Note that this might not be useable as a static site without severe modifications. A URL like http://example.com/foo/ will translate into example.com/foo/_index_da39a3 for example.

warcat depends on warcio which provide a warcio index command to inspect WARC files more closely and allows extraction of individual files with warcio extract. ArchiveTools also has a warc-extractor.py script to extract files from a WARC file.

The WARC standard also defines a format for CDX files which are an index of a WARC file. Each line represents a file in the archive, which makes it easier to process. A CDX file can be created with the cdx-indexer shipped with pywb.

More WARC resources are listed in the awesome web archiving list and the archive team resource page.

Future research

wpull is an interesting crawler behind the ArchiveBot tool used by ArchiveTeam
other viewers like OpenWayback (yuck, maven), Webrecorder Player (aaaauughh! electron again!), InterPlanetary Wayback (IPFS??)
other crawlers and proxies: wasp, warcprox

References

Here are the various programs that can archive websites. Some were mentioned above, some not.
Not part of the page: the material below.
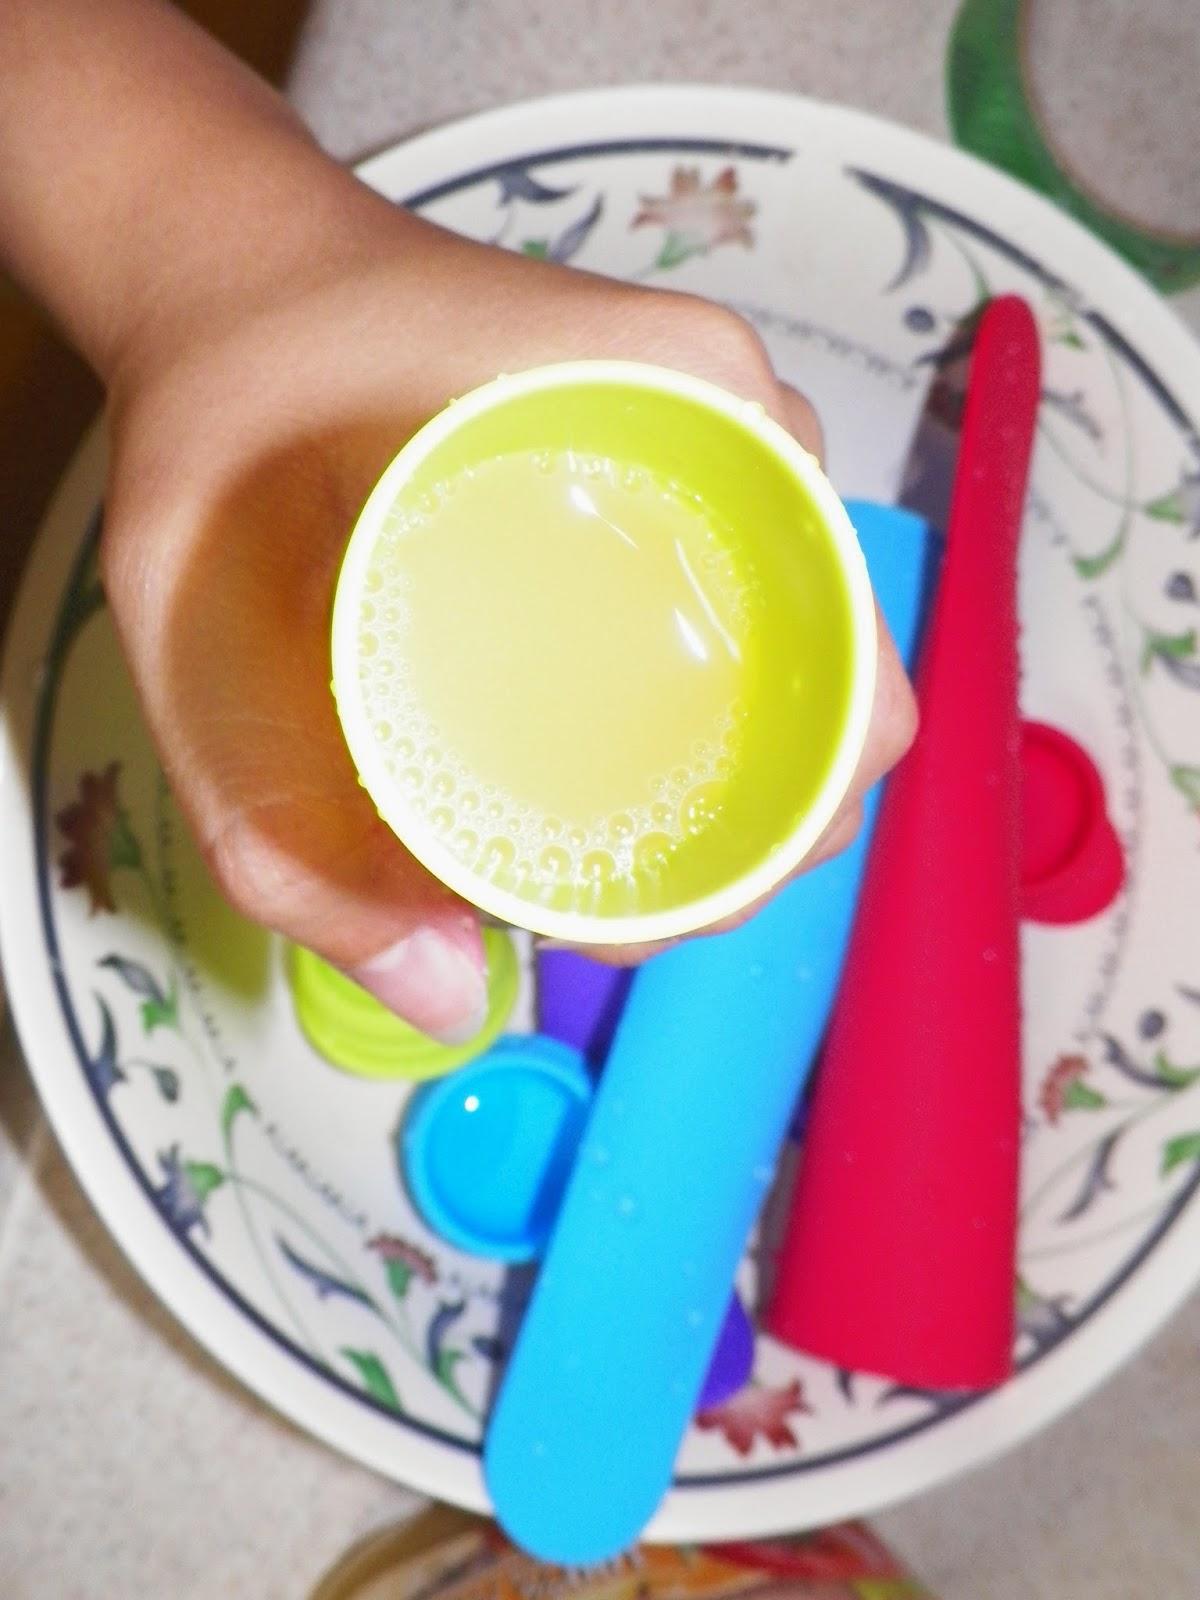 Kuuk_Silicone_Popsicle_Mold.jpg

Autistici crawl: a simple and fast WARC crawler
crau: scrapy-based crawler, writes but also list, extracts and replays WARC files, might be missing redirects and fails to preserve transfer encoding and headers
Heritrix is the Internet Archive crawler
httrack: old but basic tool that works. no WARC support.
wget: a classic HTTP multipurpose tool.
wget2: rewrite of wget from scratch aimed at supporting multi-threaded operation and might be faster. Missing some features from wget (WARC, reject patterns and FTP, most notably) but also adds some (RSS, DNS caching, improved TLS support) see the wiki for a full comparison.
wpull: web downloader and crawler with PhantomJS and Youtube-DL integration, designed as a drop-in replacement for wget, but for much larger crawls

The Koumbit wiki has many instructions specific to Drupal archival. In general, it is good practice to turn off dynamic elements (e.g. comment forms, login boxes, search boxes) in the website before archival, if possible, in order to keep the archived website as usable as possible.

Submitted issues:

fix broken link to specification
sample Apache configuration for pywb
make job status less chatty in ArchiveBot
Debian packaging of the ia commandline tool
document the --large flag in ArchiveBot

Created 2018-10-05 13:24. Edited 2019-11-13 16:03.